## What is needed
Every line from the one with "BAIXINDE Magnetic Speed" through the end of the material below, both ends included, should be transcribed exactly, without pictures.
** Exercise data follows **
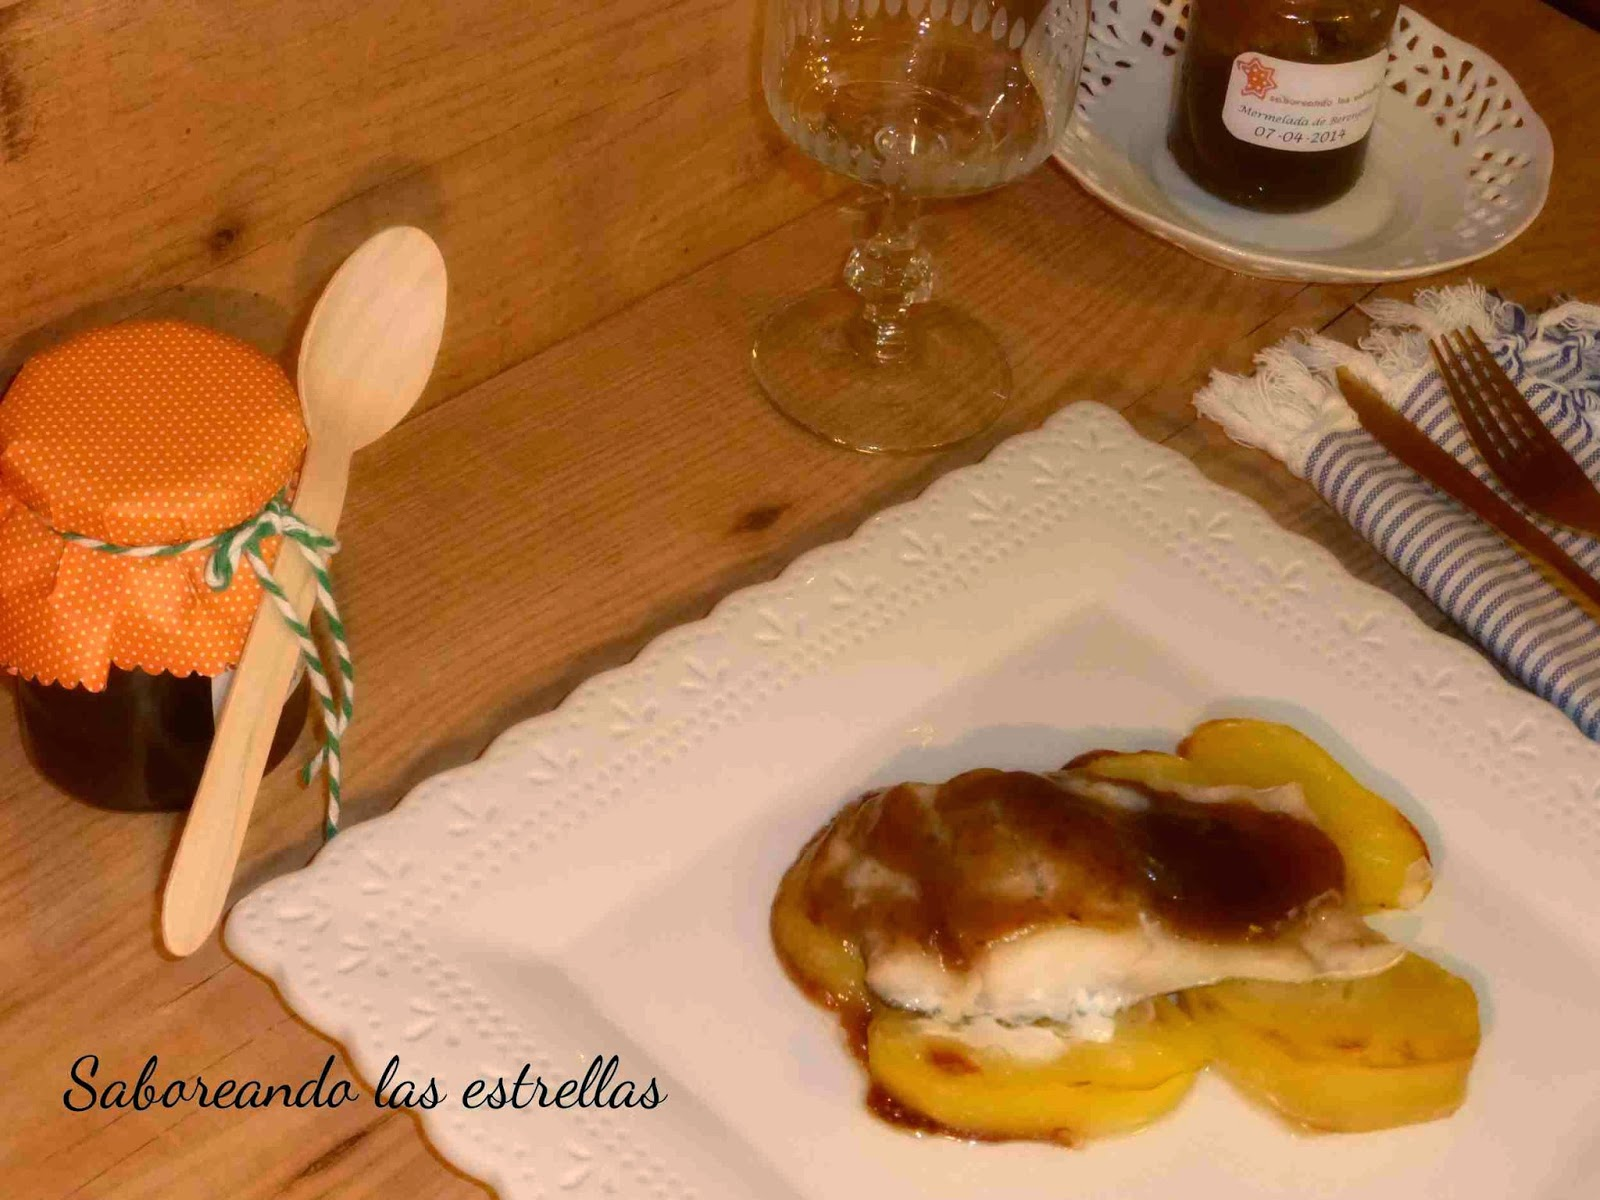 Bacalao gratinado con mermelada de berenjenas
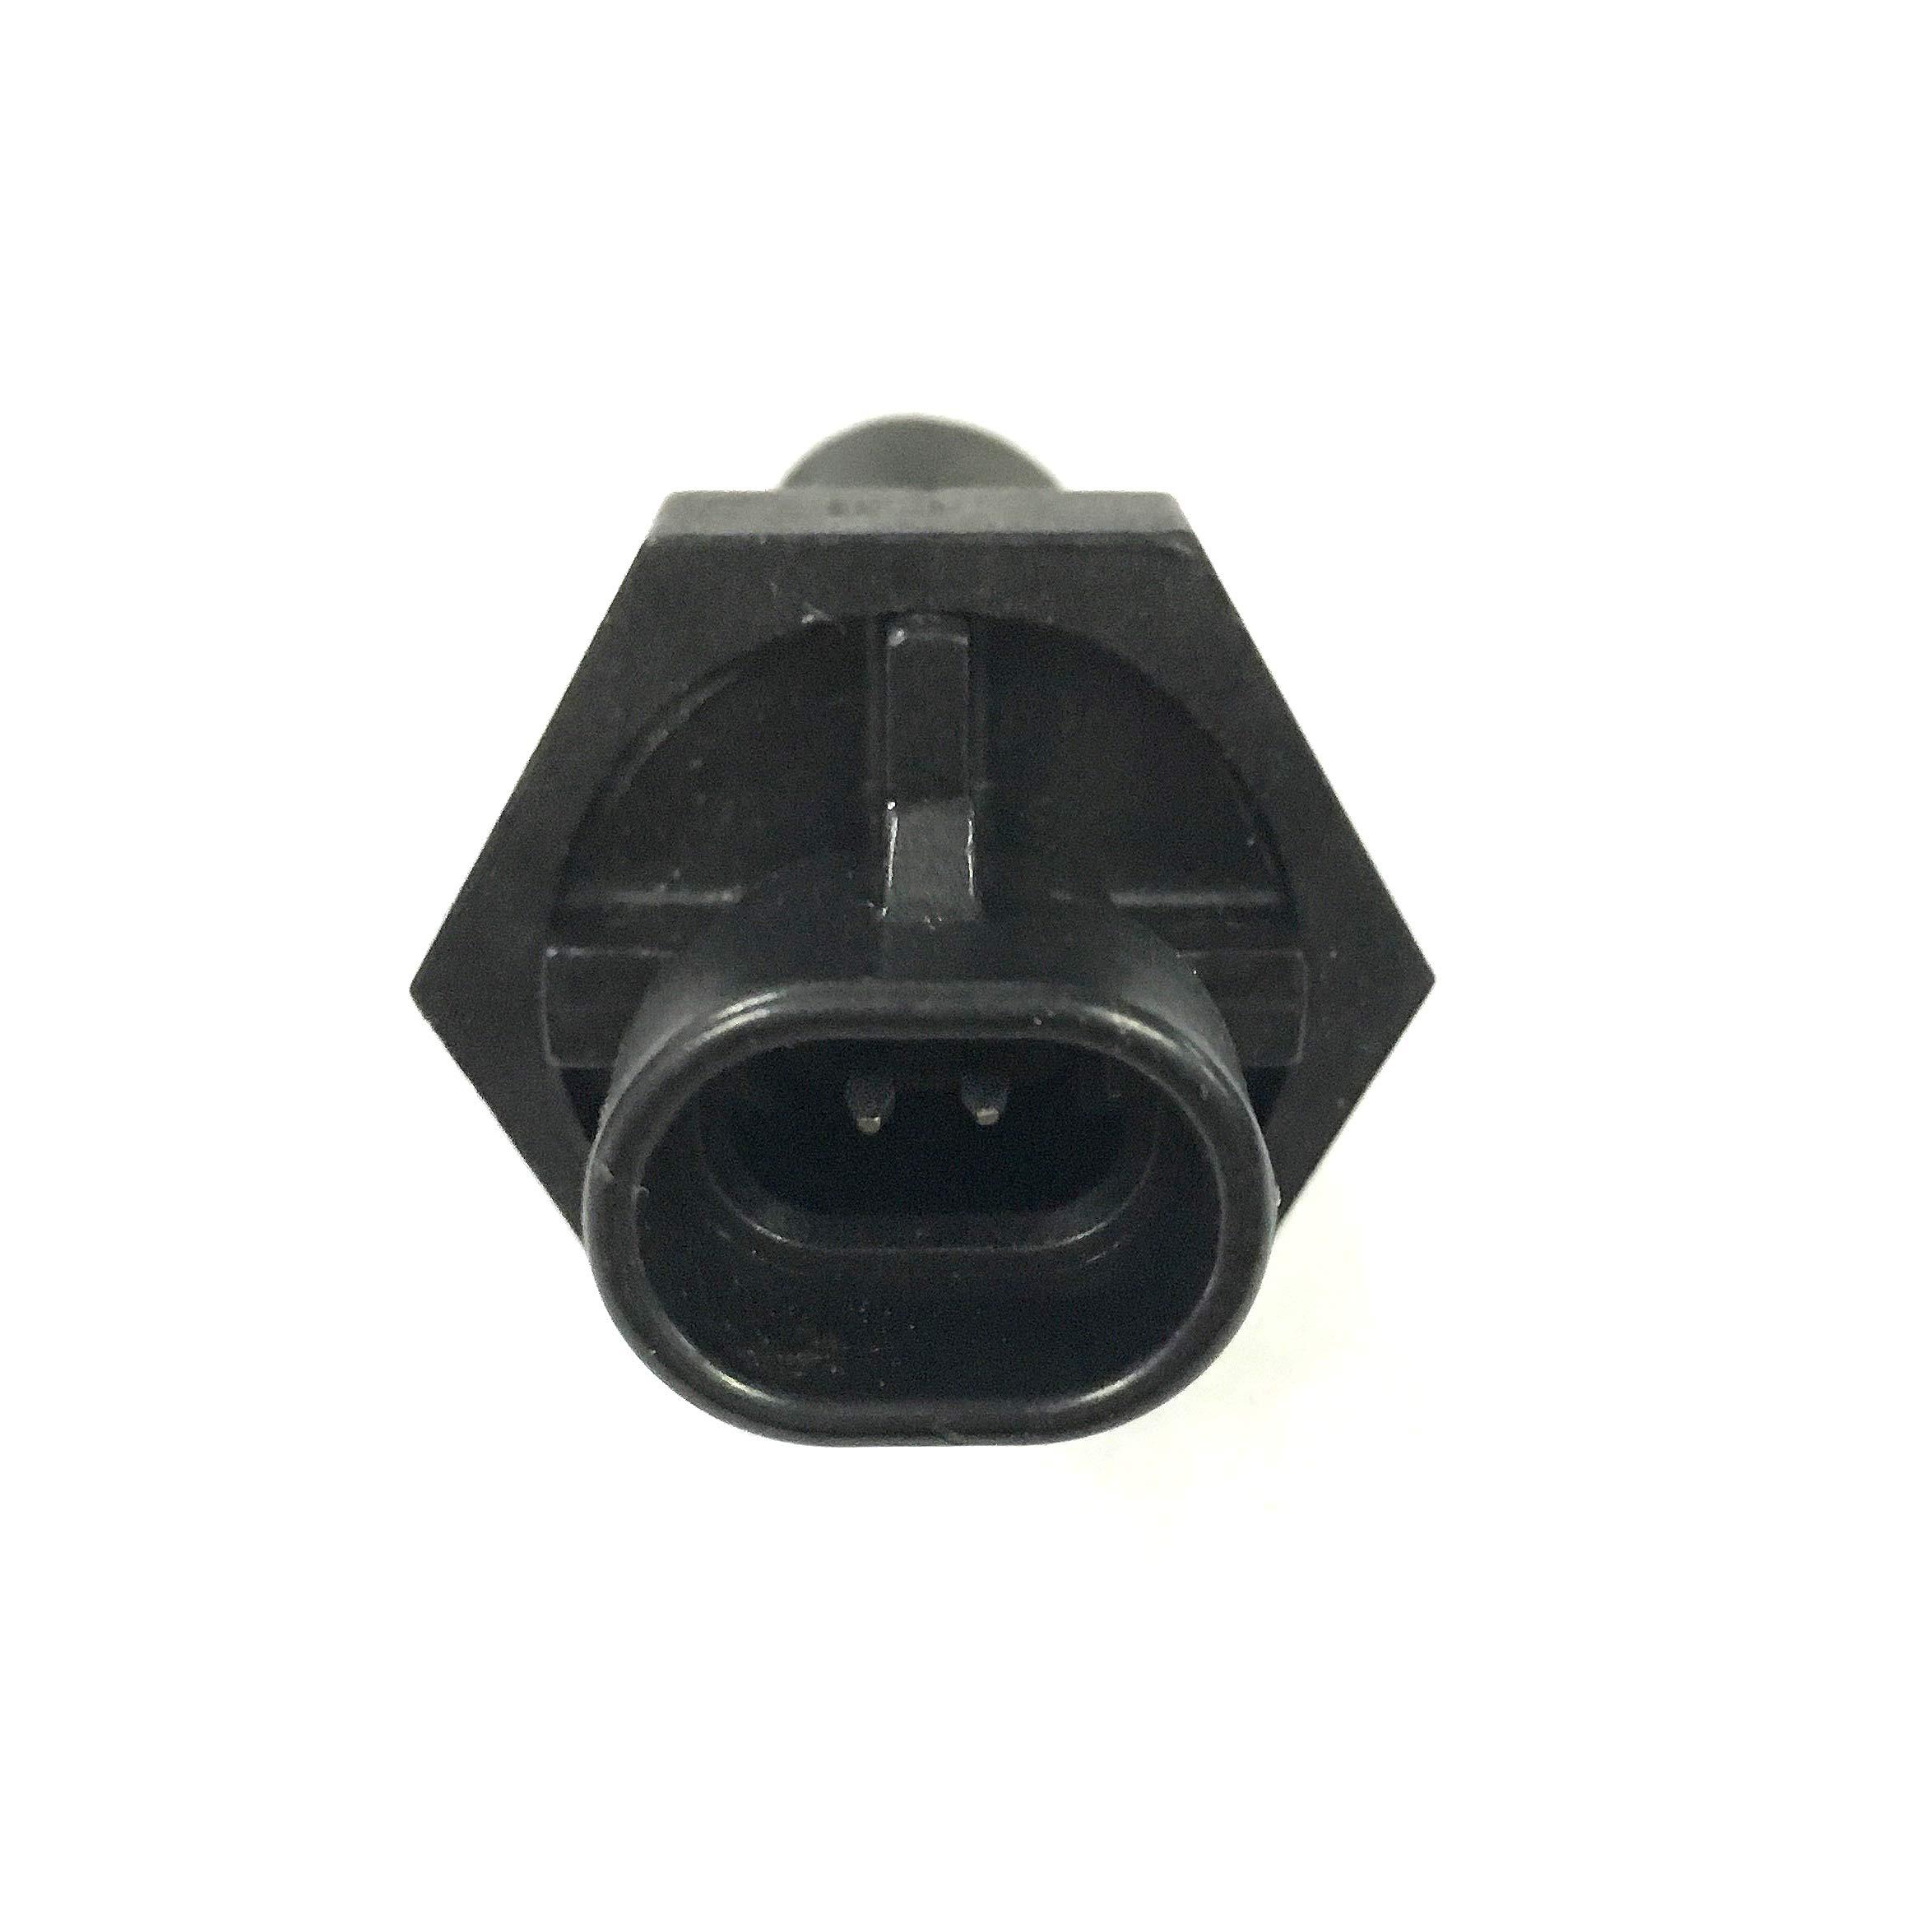 BAIXINDE Magnetic Speed Sensor for International Harvester 3528003C1 1552SC 505-5105
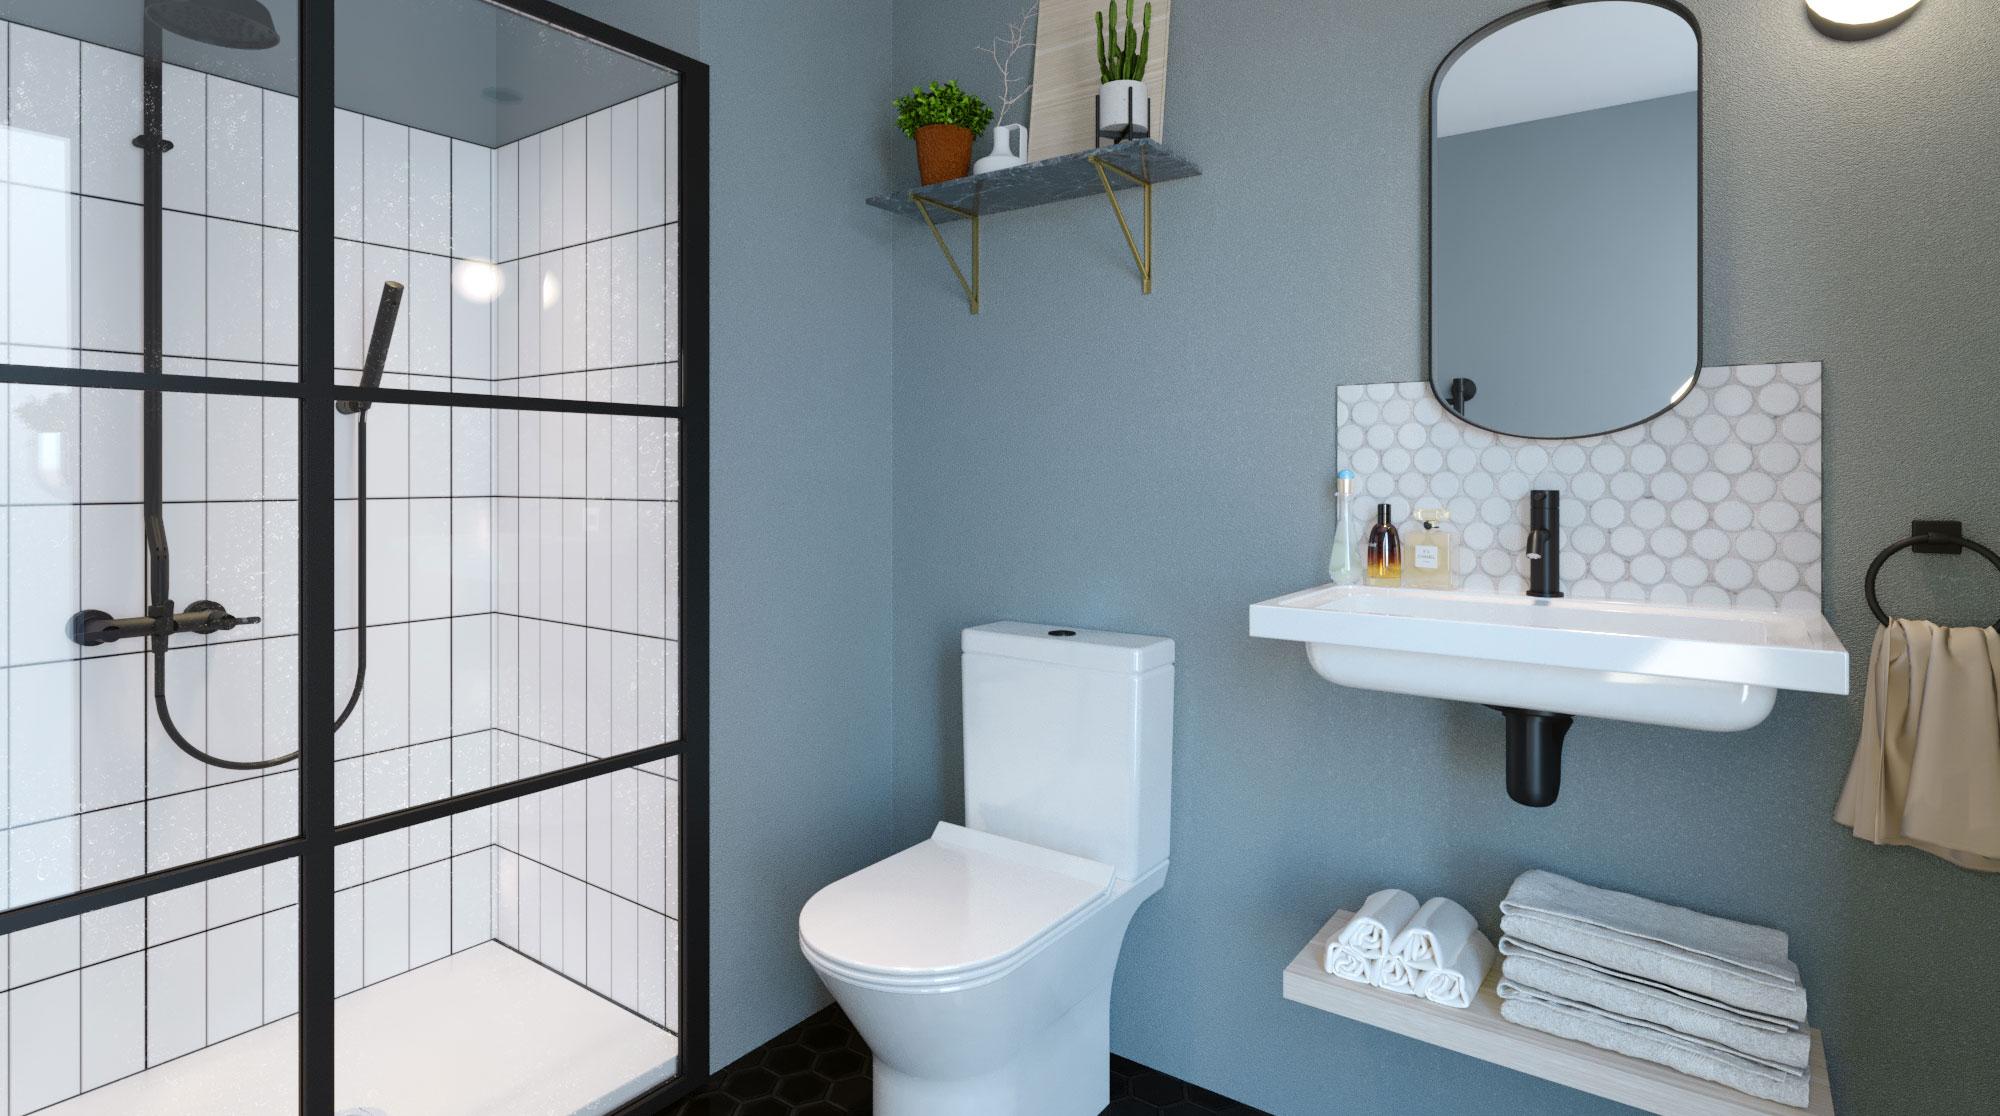 Bathrooms at Hy
** End of Exercise data **
## Finished task
 BAIXINDE Magnetic Speed Sensor for International Harvester 3528003C1 1552SC 505-5105
 Bathrooms at Hy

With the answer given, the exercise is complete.